### [What you should do]
Transcribe word for word each line from the one containing "Elektro Jansen GmbH" to the final line of the data, both included. Skip the pictures.

Supplied material Start Marker

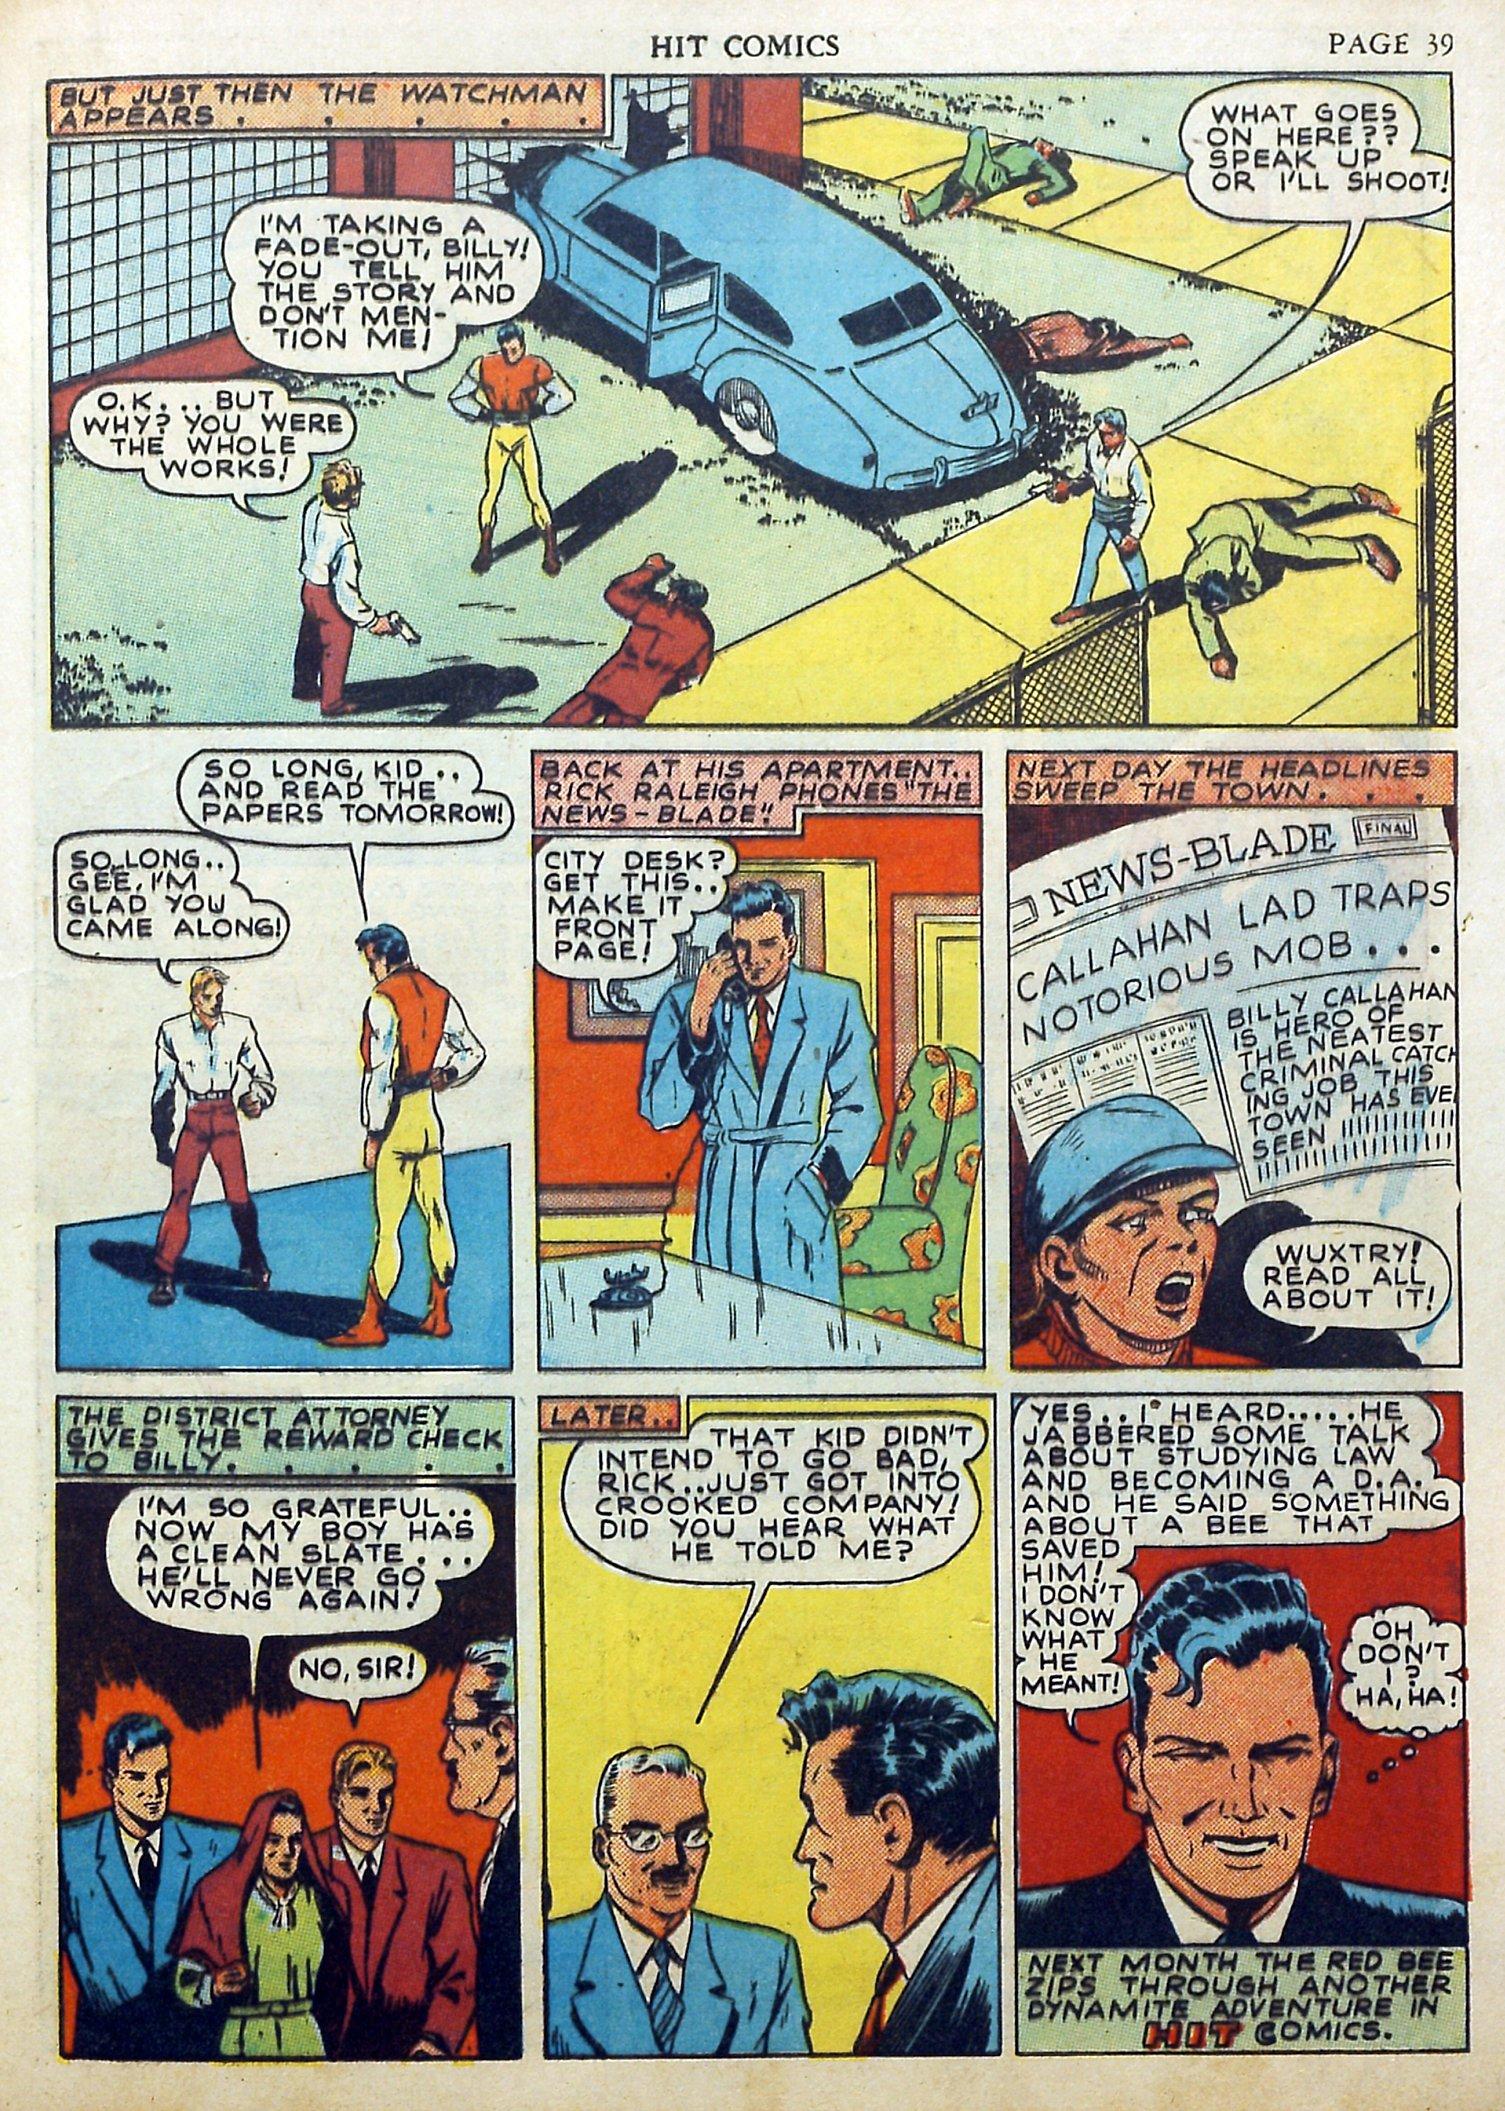 Read online Hit Comics comic -  Issue #17 - 41
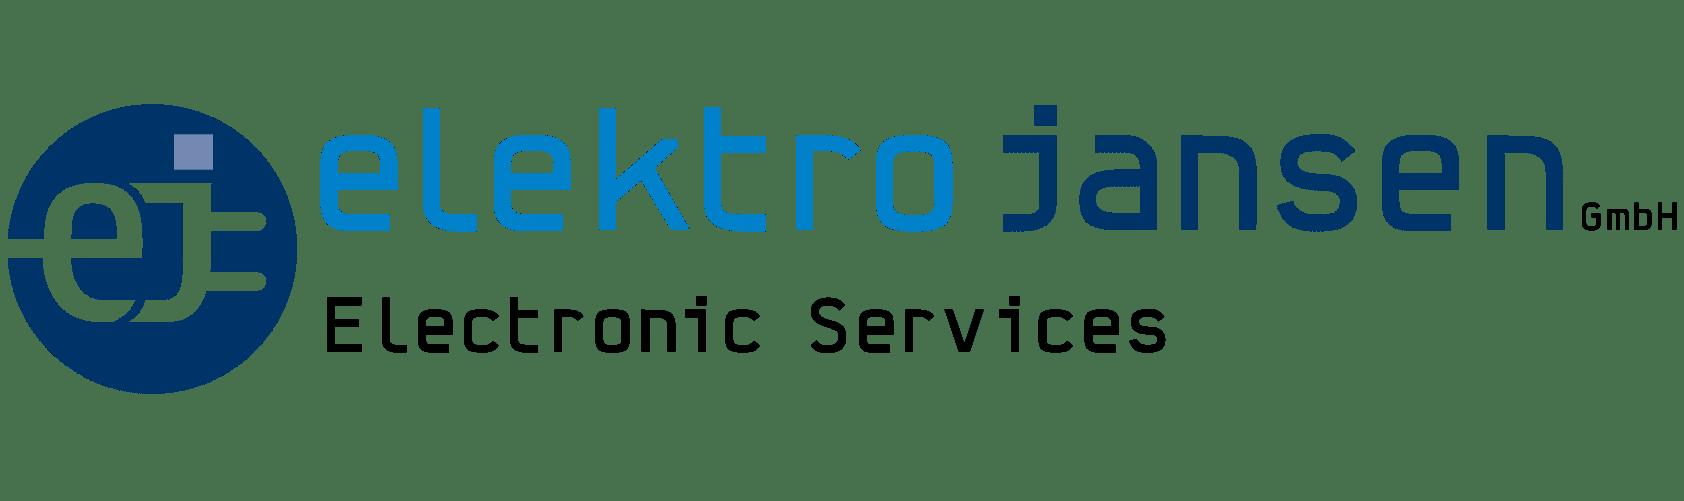 Elektro Jansen GmbH
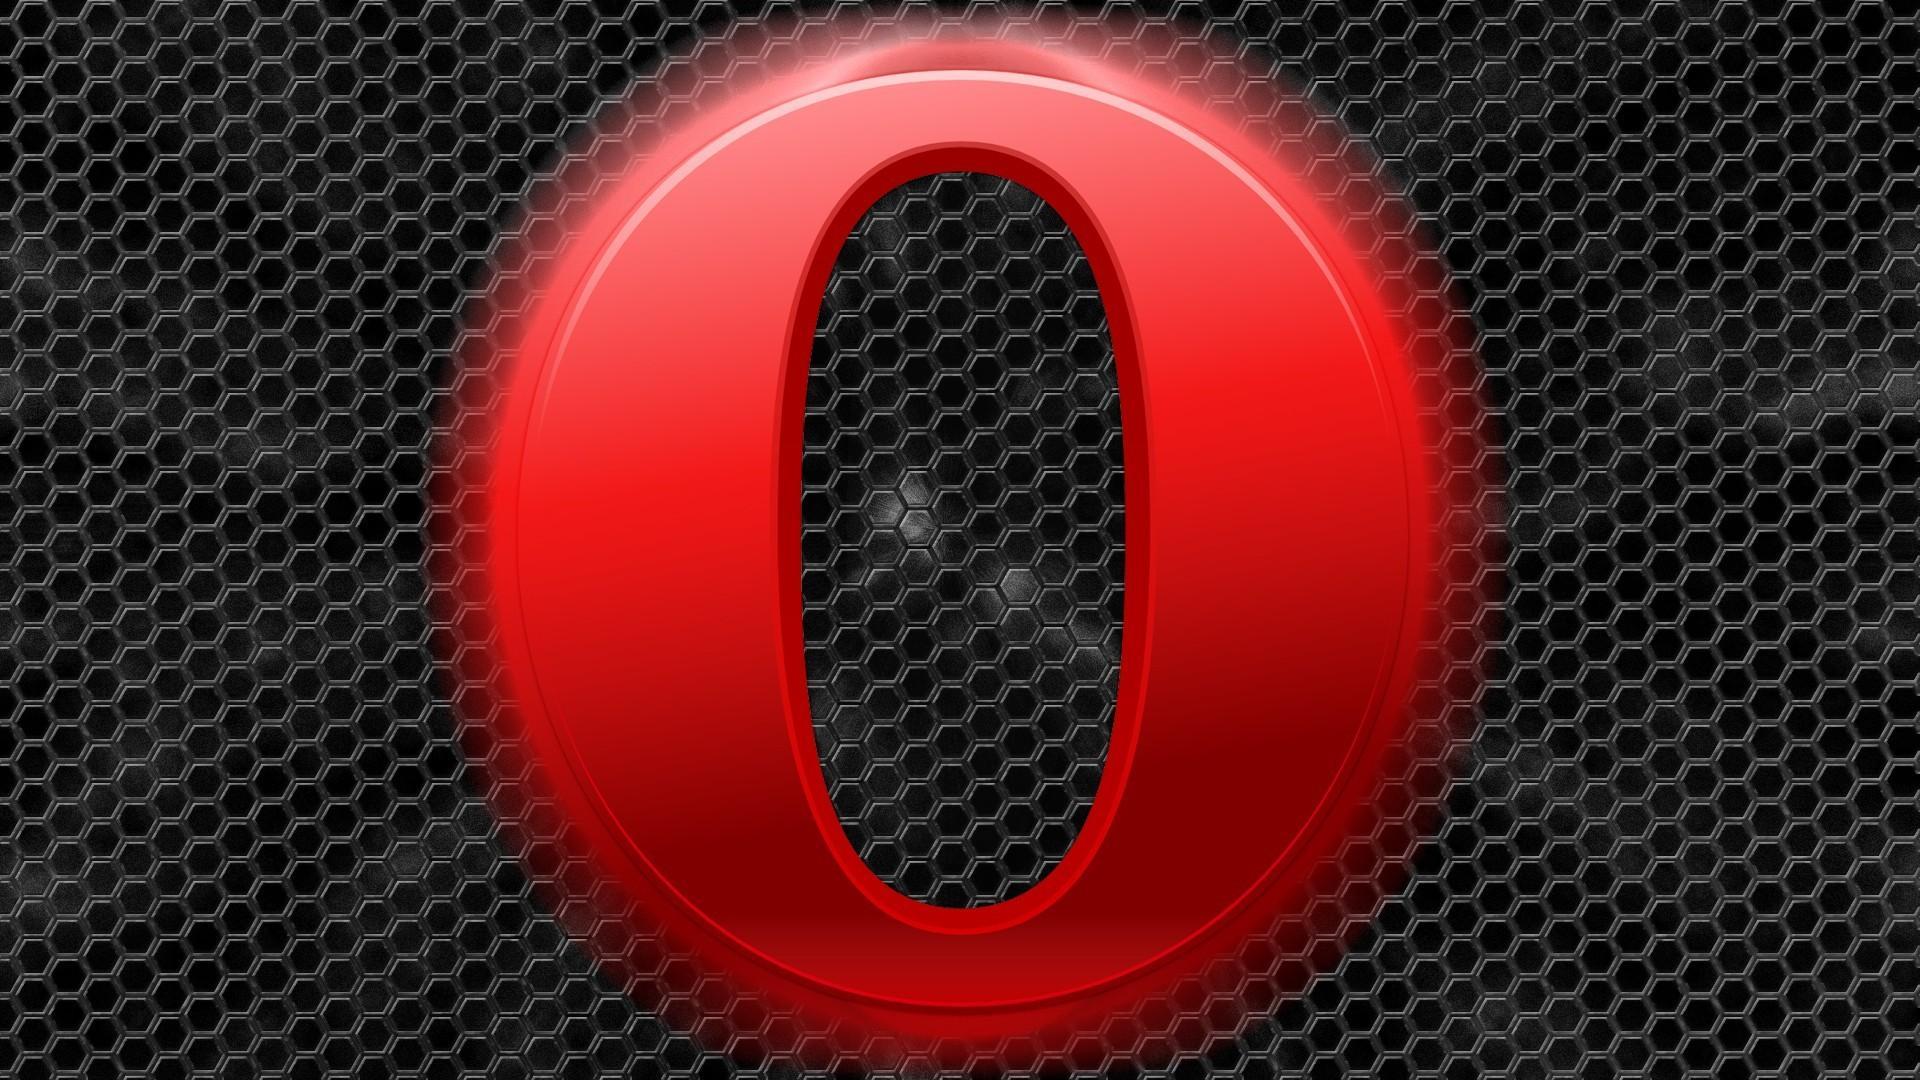 Opera криптовалютный кошелёк браузер
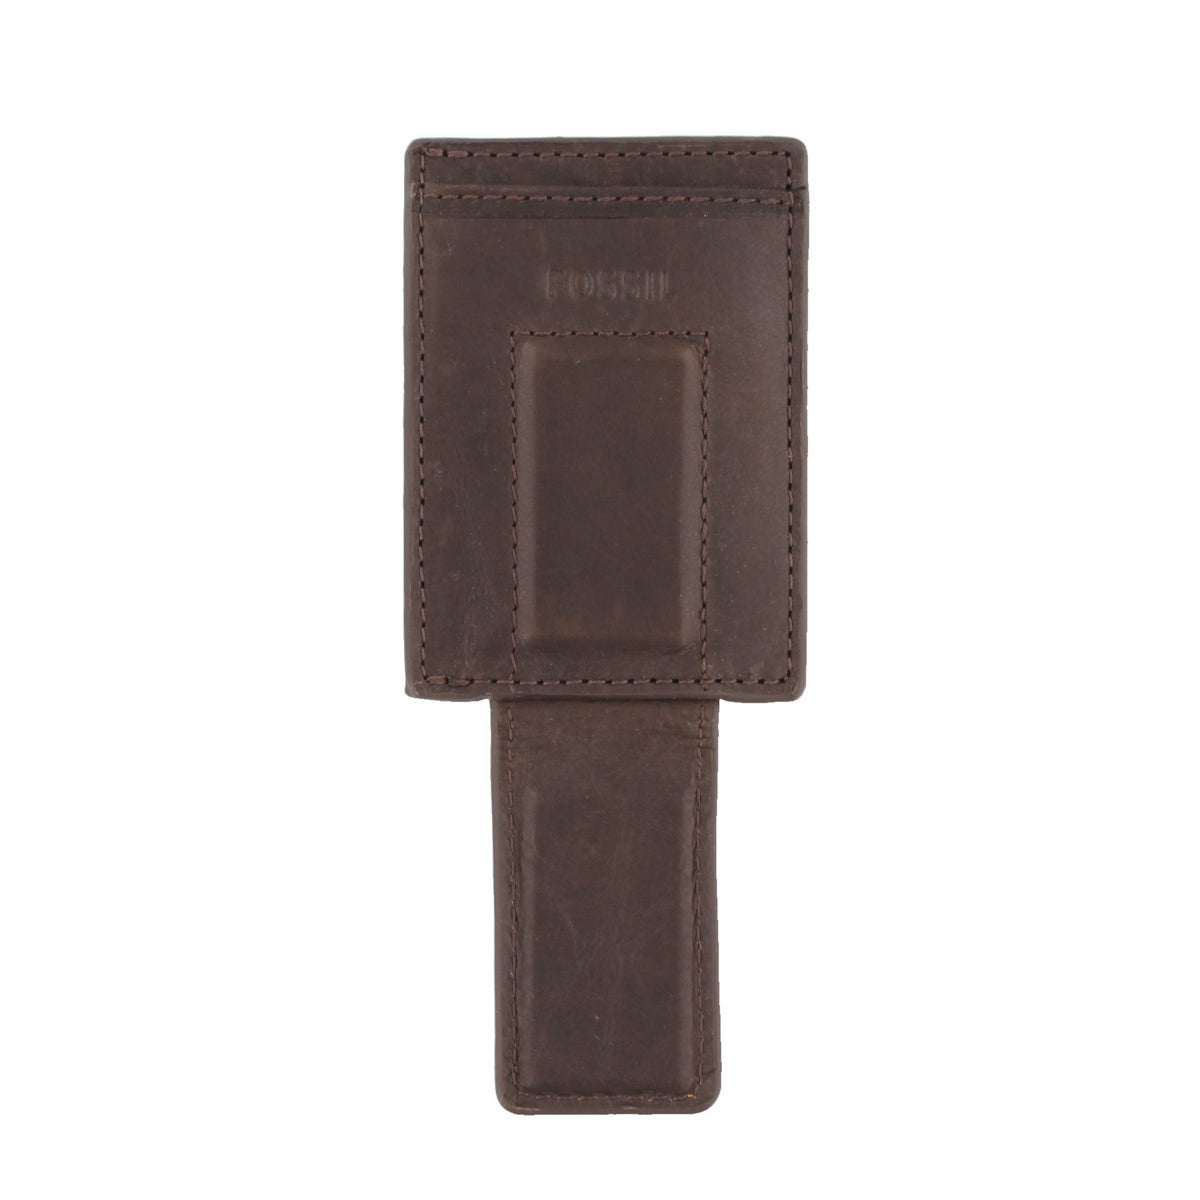 Mns Ingram brn leather multi card case

Supplied material End Marker

### [Answer for this exercise]
 Elektro Jansen GmbH
 Opera криптовалютный кошелёк браузер
 Mns Ingram brn leather multi card case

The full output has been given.